= EXERCISE BRIEF =
The answer must be an exact copy of the lines from the one with "Modernist Swiss Modern" through the final line below, with no pictures and nothing else.

= SOURCE MATERIAL =

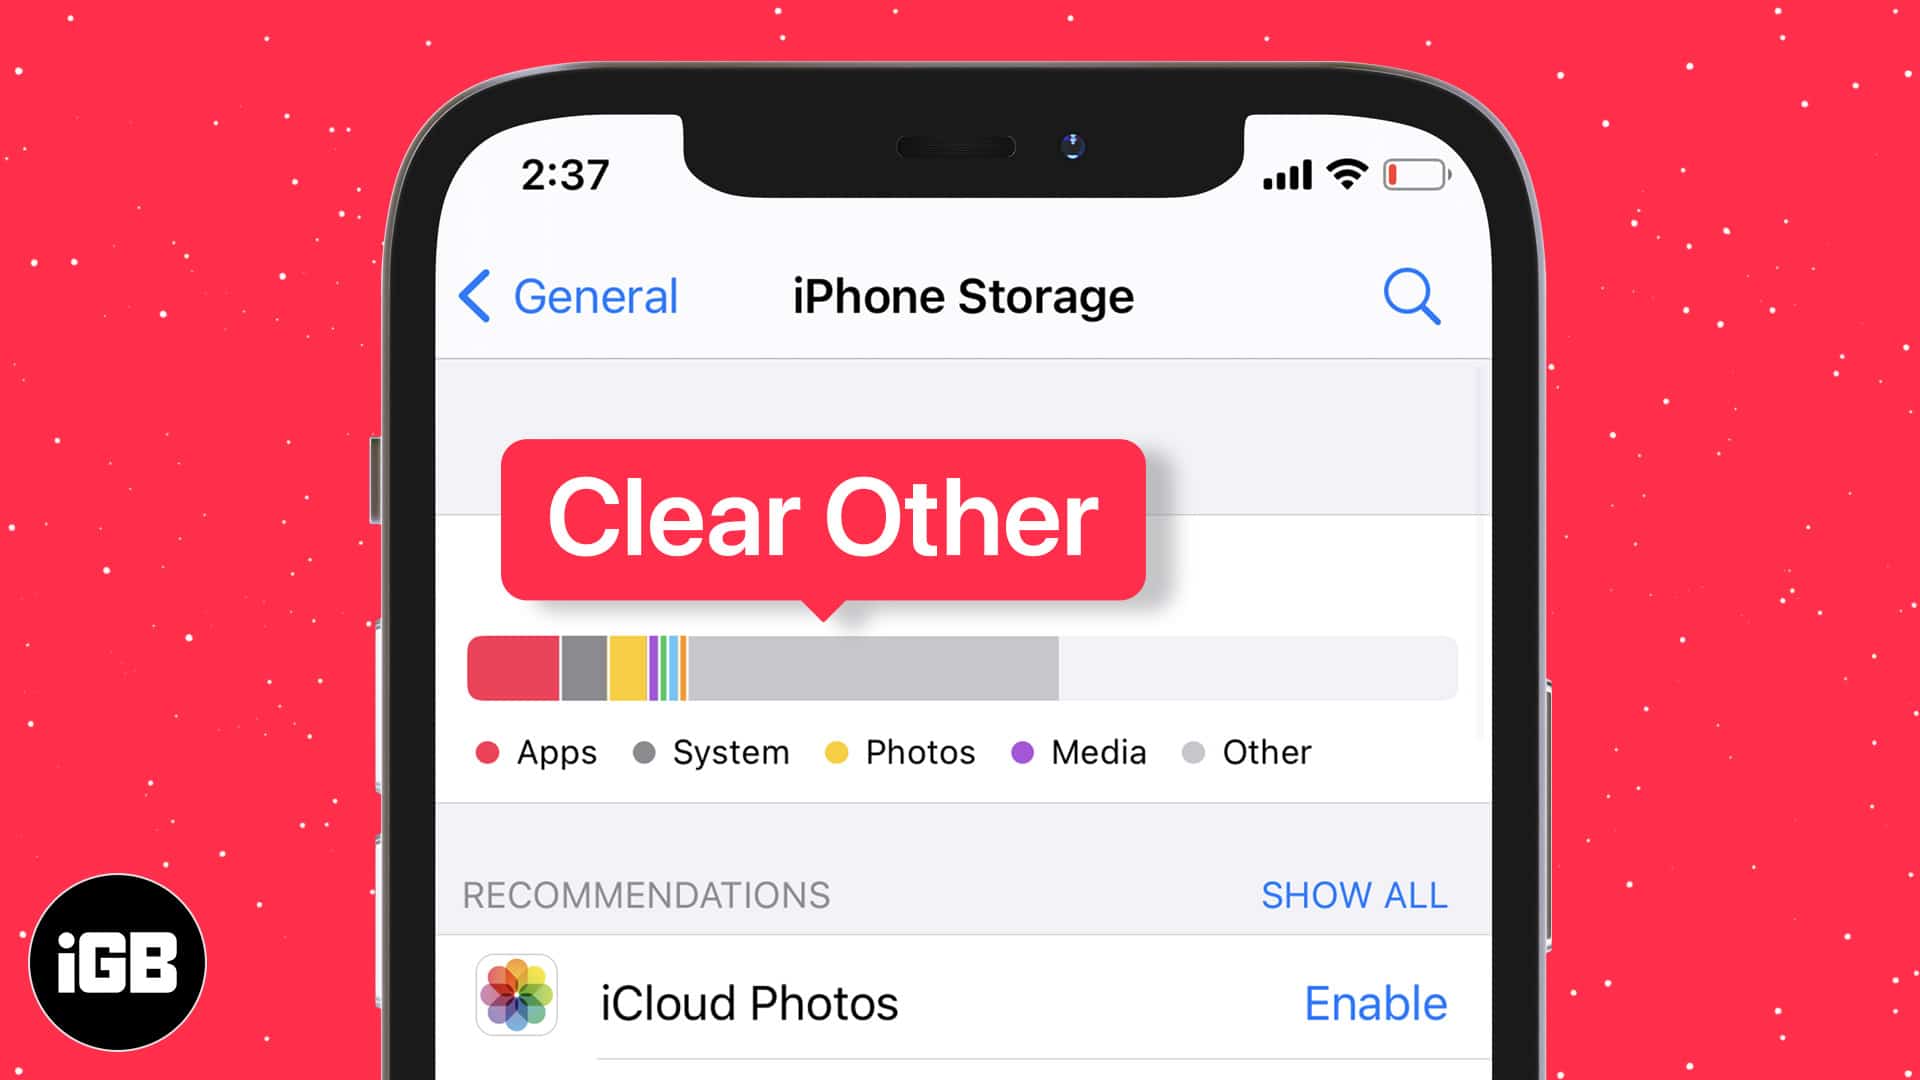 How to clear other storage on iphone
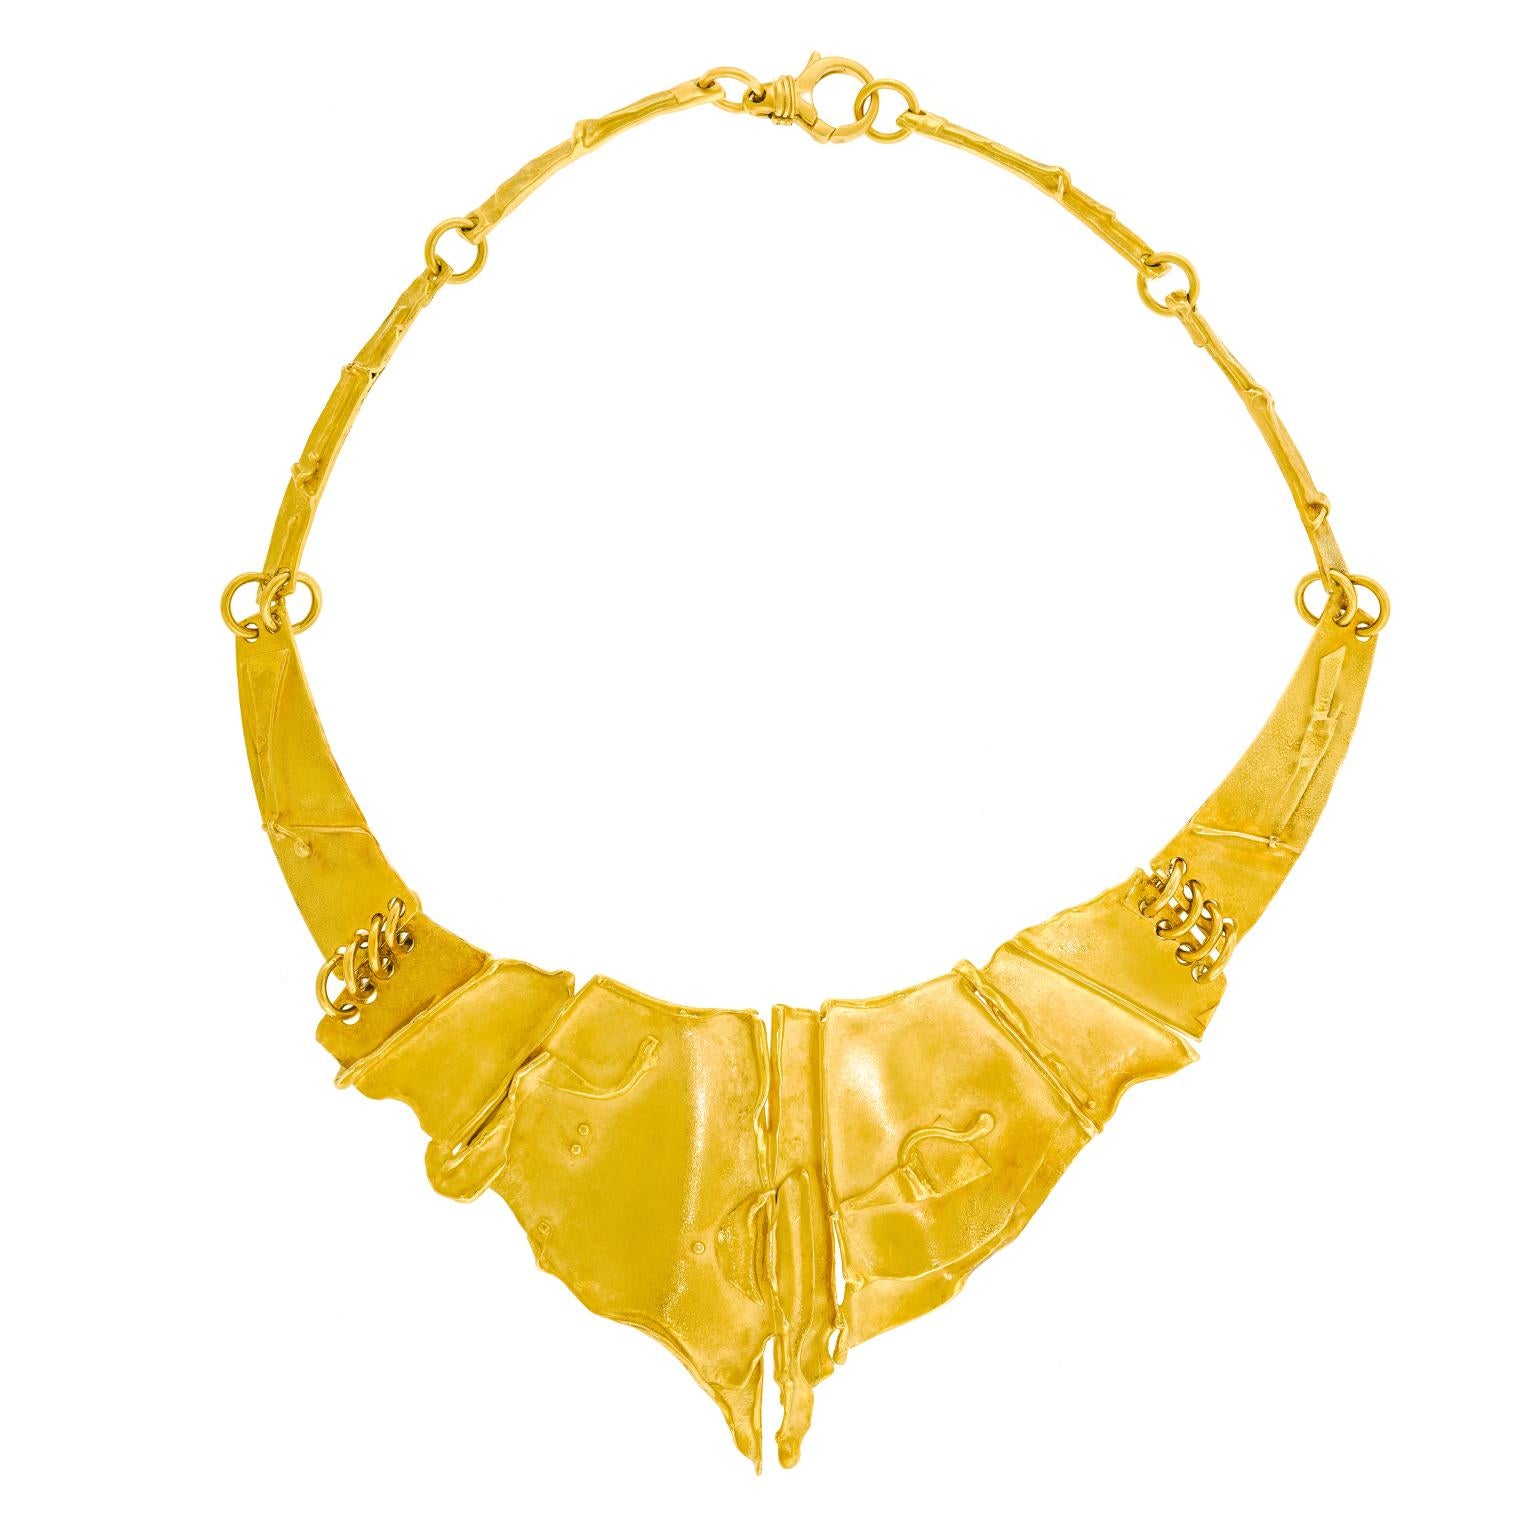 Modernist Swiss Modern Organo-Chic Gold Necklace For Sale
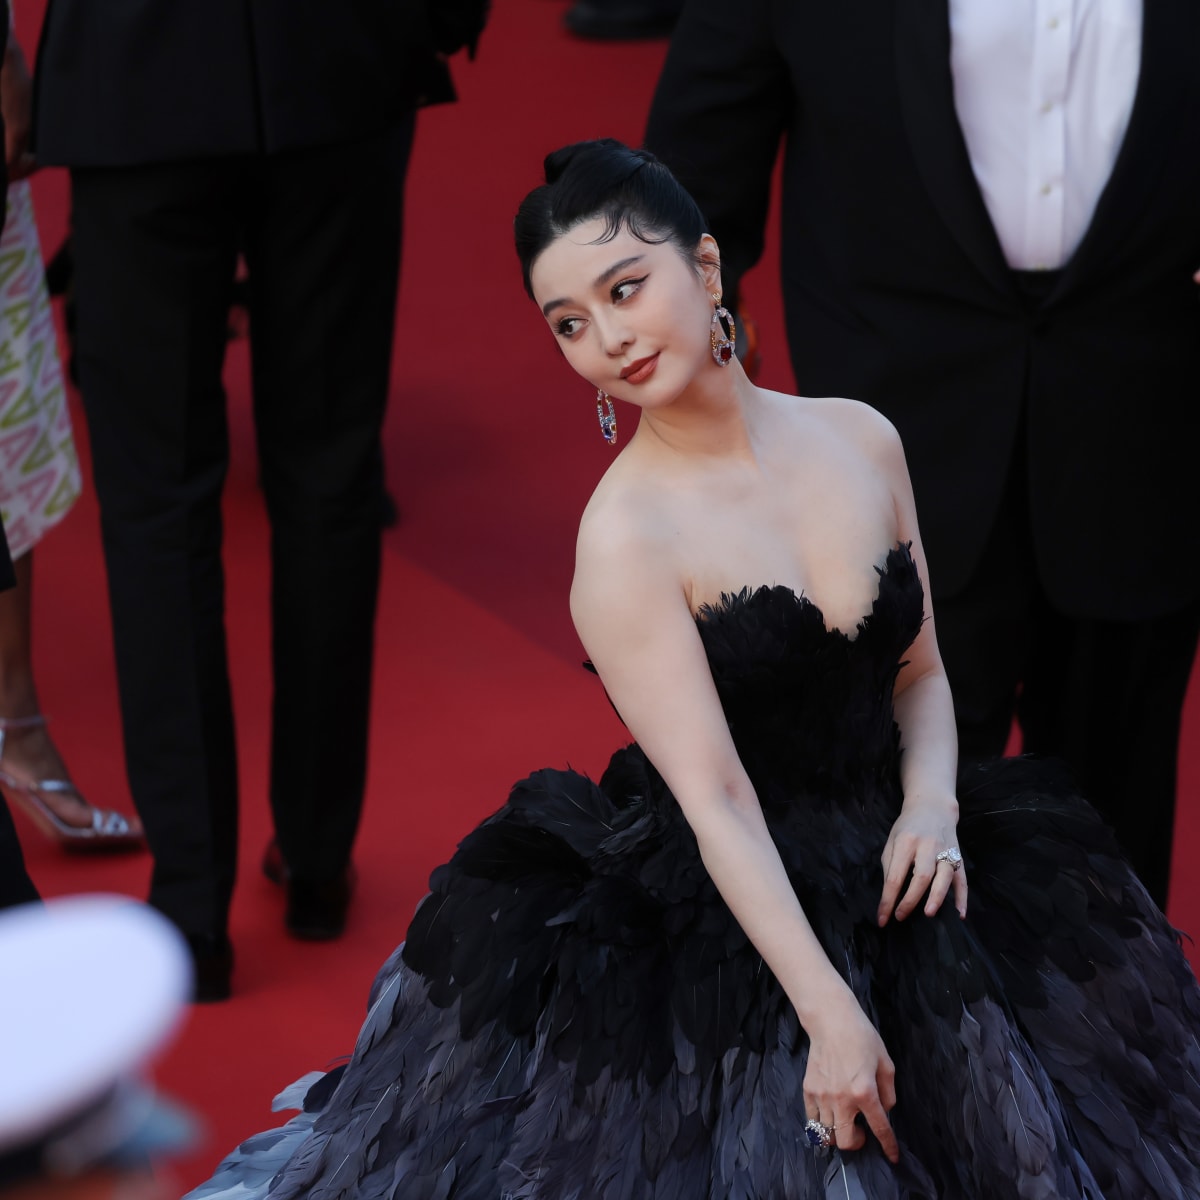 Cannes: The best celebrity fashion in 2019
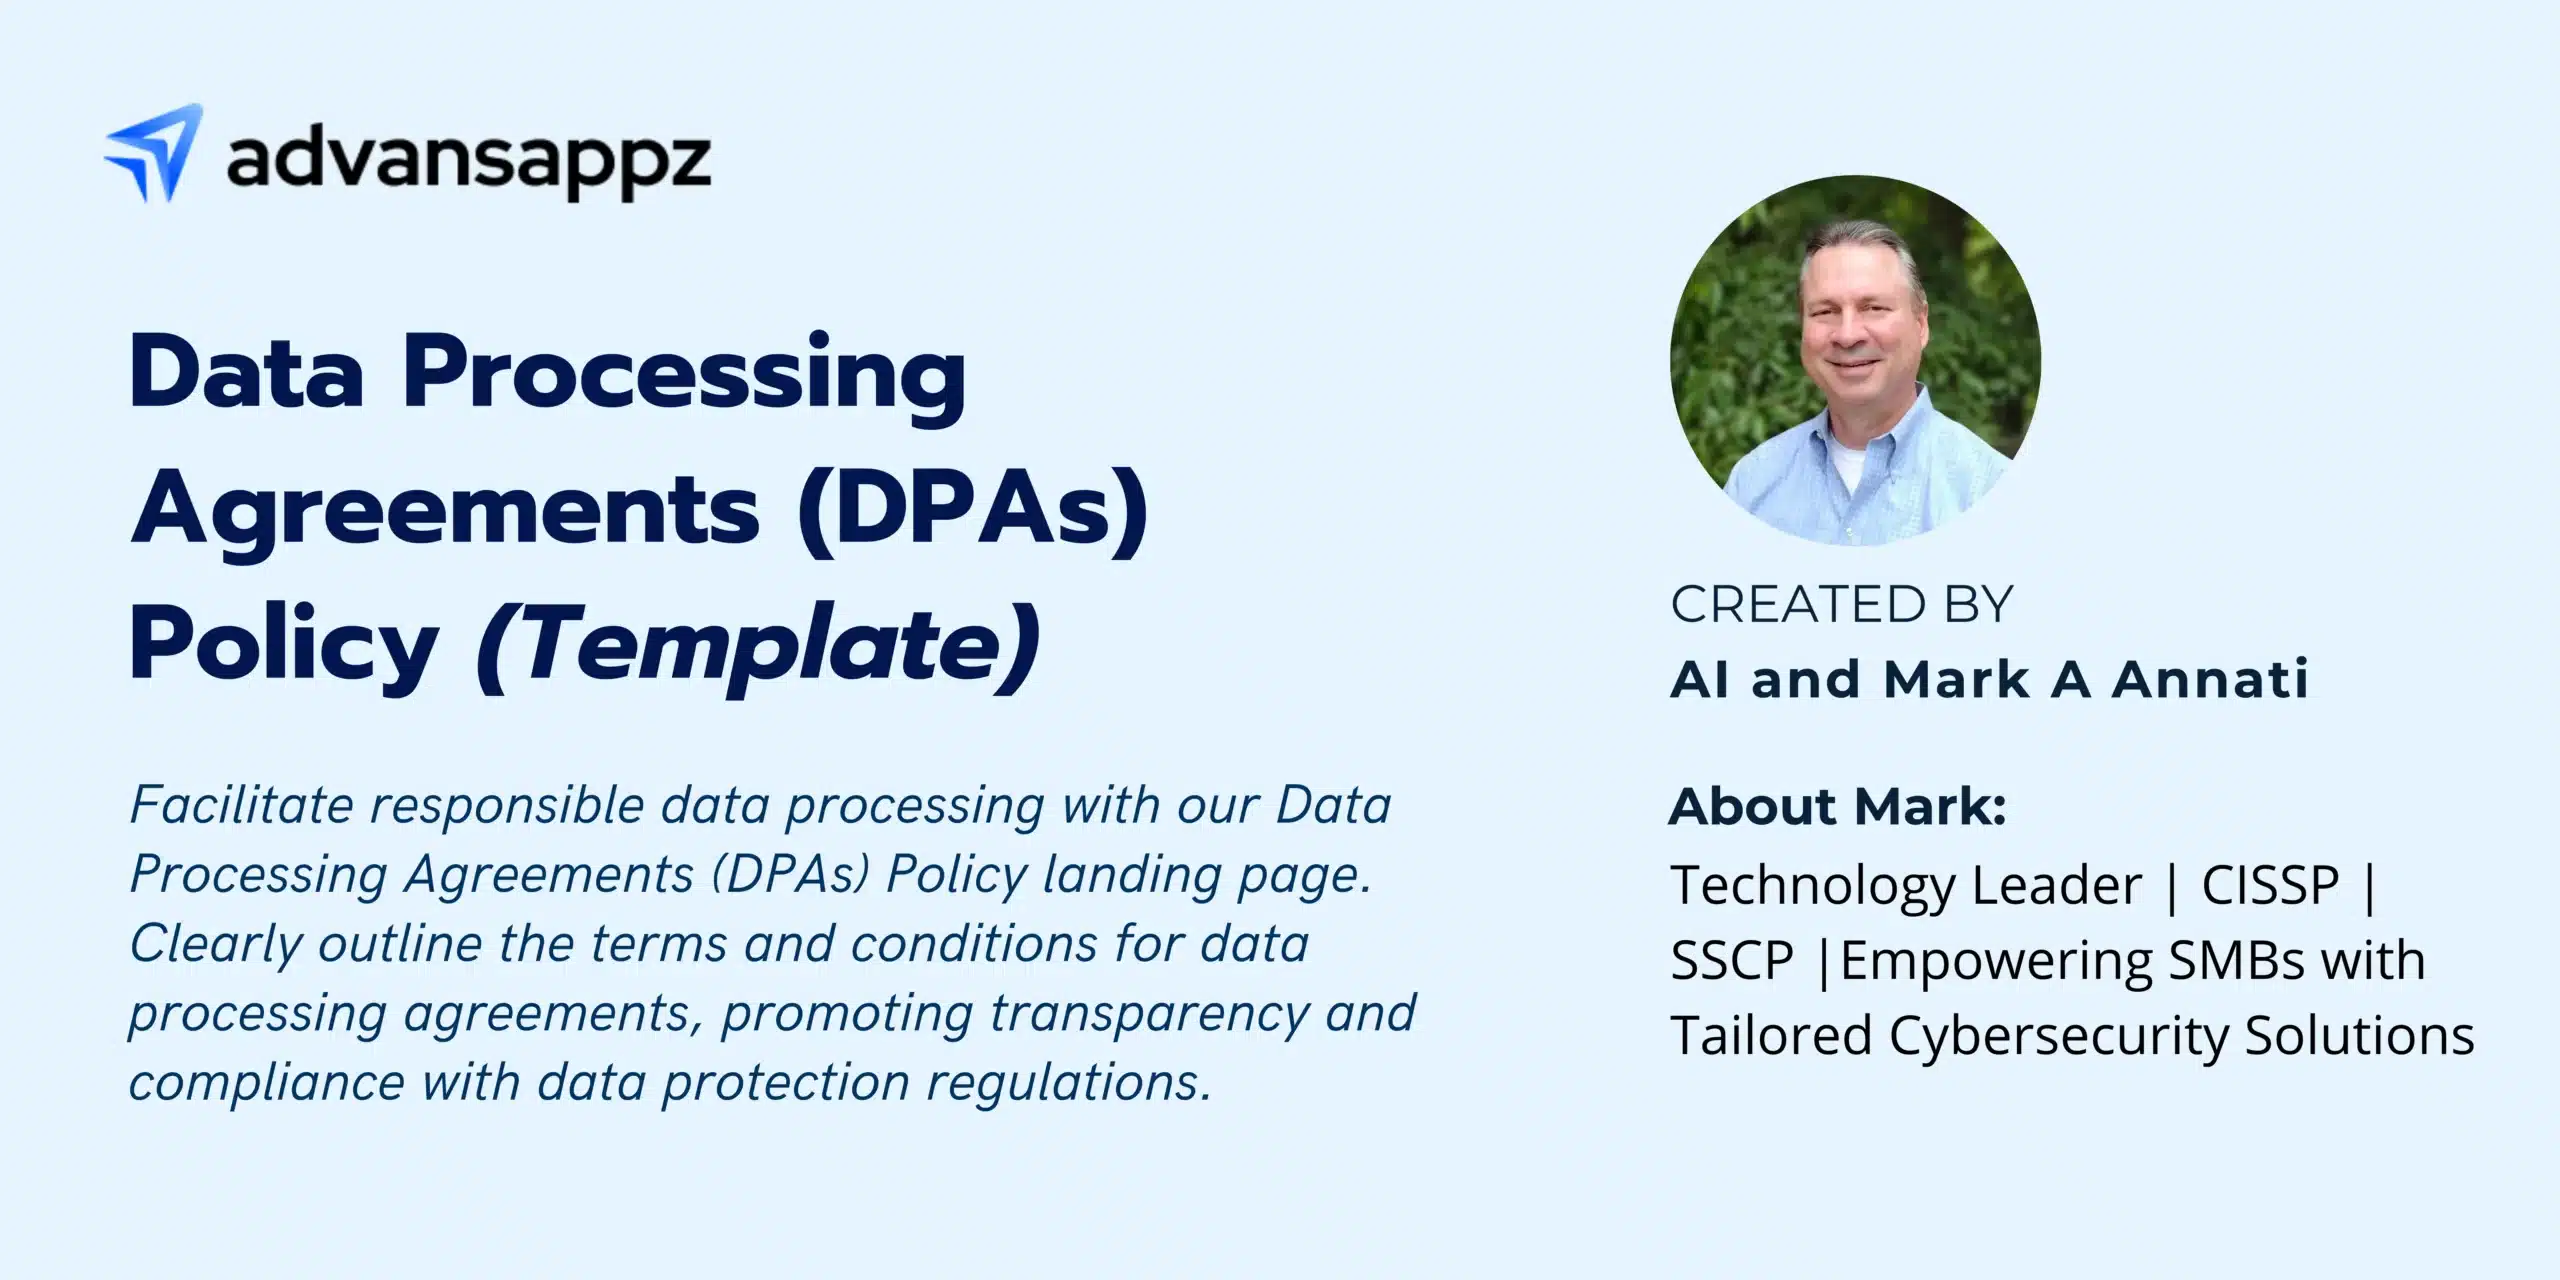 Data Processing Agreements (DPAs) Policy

= ANSWER SECTION =
 Modernist Swiss Modern Organo-Chic Gold Necklace For Sale
 Cannes: The best celebrity fashion in 2019
 Data Processing Agreements (DPAs) Policy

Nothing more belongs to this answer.